ЛАДНО, – говорит жандарм и отворачивается.

Жандарм, который его допрашивает, идет к тому, что находится в задней части комнаты. Их голоса бубнят в промежутках между щелканьем капп.

Ему все равно, что коридоров много. Ему все равно, что он не знает дороги. Они не предъявляют ему обвинение. Он испускает несколько капель мочи. Прижимает плотнее к телу ткань леггинсов.

– Господа, – говорит он.

Они оборачиваются.

– Туалет. Срочно. Смотрите.

Они смотрят на него. Видят его унижение. Тот, кто допрашивал, закрывает глаза, кивает. Поворачивается к остальным.

СПРАВА ОТСЮДА, – говорит жандарм.

Он встает со скелетистого стула.
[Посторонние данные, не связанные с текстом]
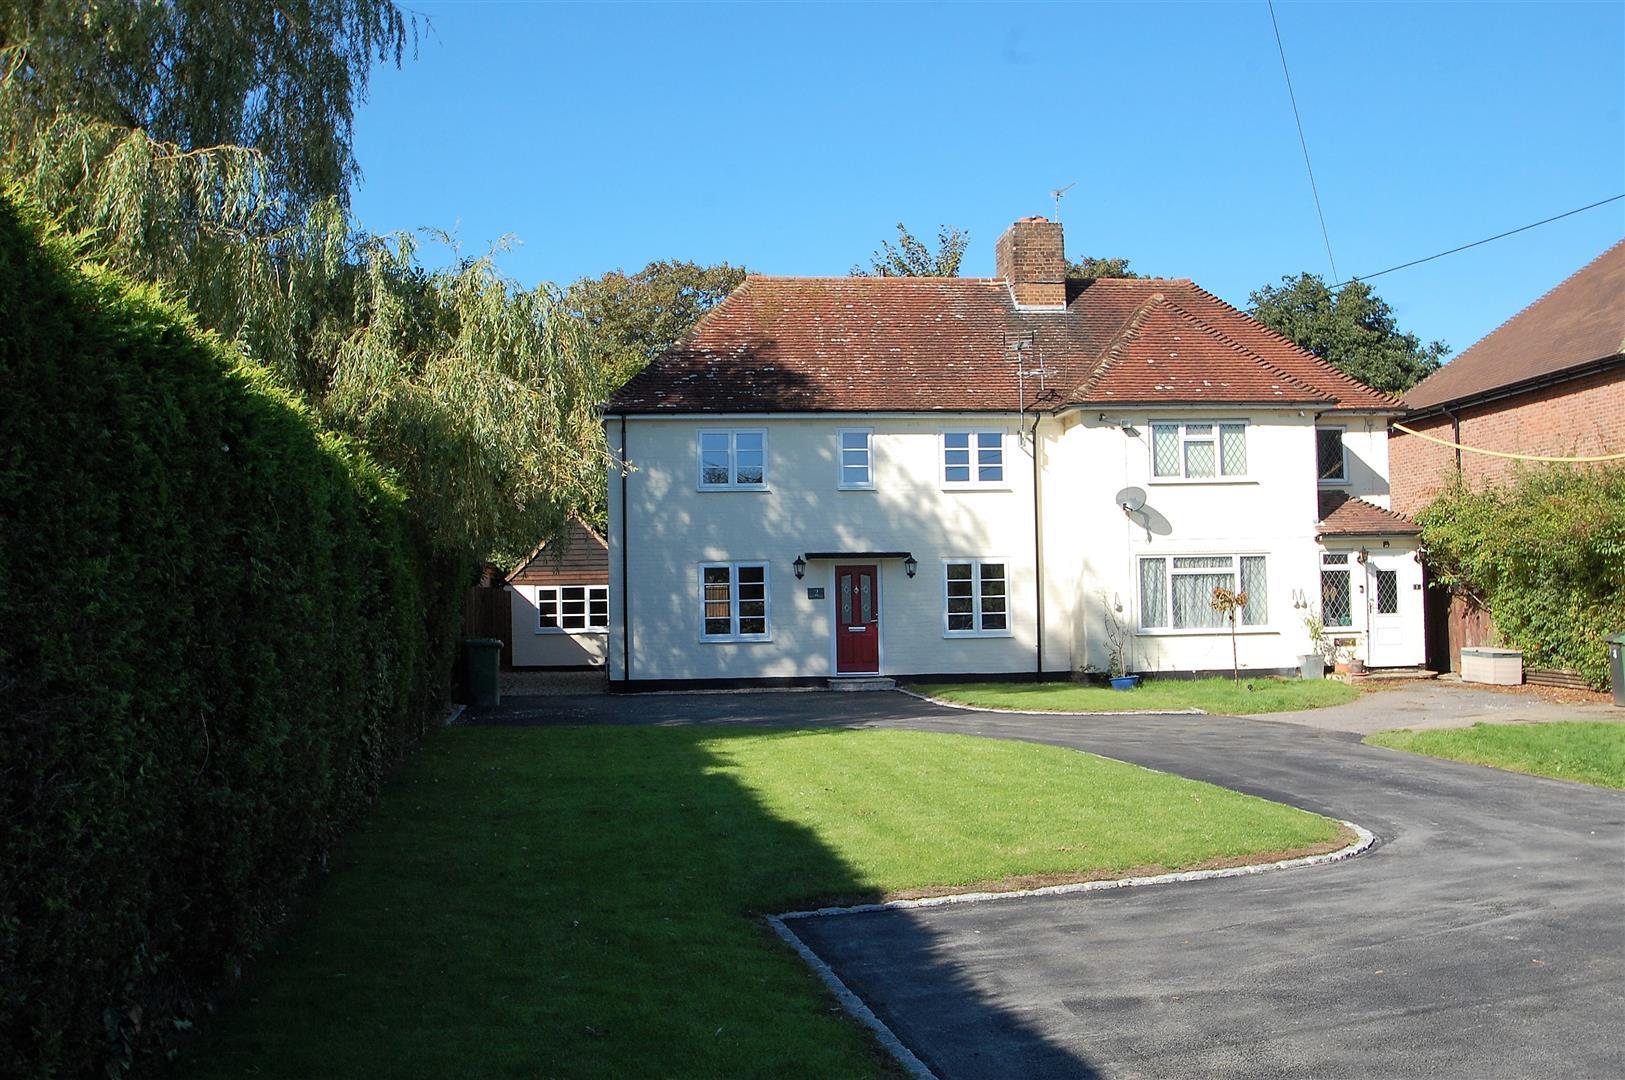 Farnham Road, Liss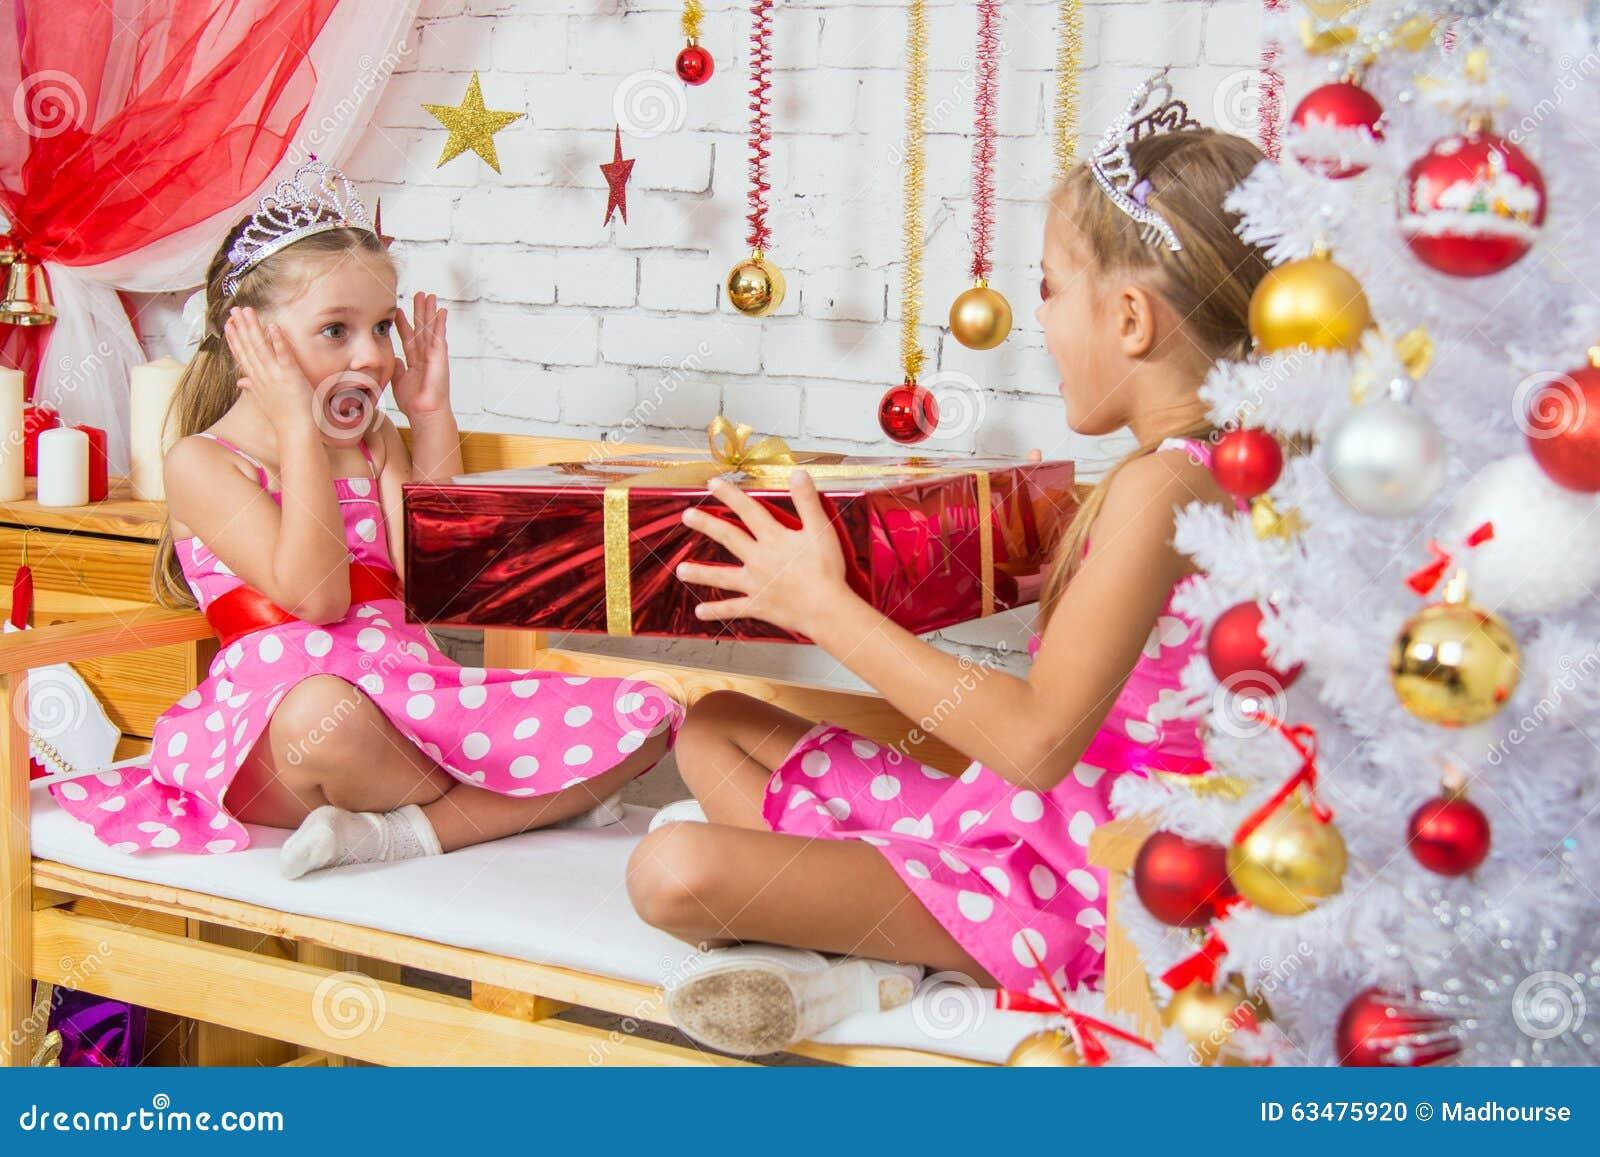 Mädchen überraschte Große Rote Weihnachtsgeschenke Stockfoto - Bild ...

Поднимает запачканную каппу, пытается вытереть ее большими пальцами. Только размазывает грязь. Он выходит из комнаты.

В коридоре двигается медленно. Протискивается мимо людей в униформе и без. Некоторые на ходу читают документы. Стены стонут из-за нескончаемого давления земли, земля холмится у их основания. Он покачивается, задерживает дыхание, в груди ревет буря. Но идти среди чиновников теперь легче. Опускать голову больше не нужно.

Он видит угол падающего солнца, клубы пыли. Он движется в ту сторону, открывает полотняный занавес, выходит наружу, на свет и воздух. Он идет медленно, пока не сворачивает за угол, потом рывком бросается вперед, пиная землю. Он встает, подносит запястье ко рту, видит кровь от прикушенного языка. Чувствует острую, отстреливающую в две стороны боль. Он плюет дважды, чтобы очистить рану, один раз плюет на каппу, которую держит в руке. Вытирает каппу о нагрудник, вставляет ее в рот. Вкус горькой резины и грязи с земли. Поднимаясь, морщась, роняя слезы, он прыскает в направлении, которое, судя по солнцу и теням, не совсем неверное.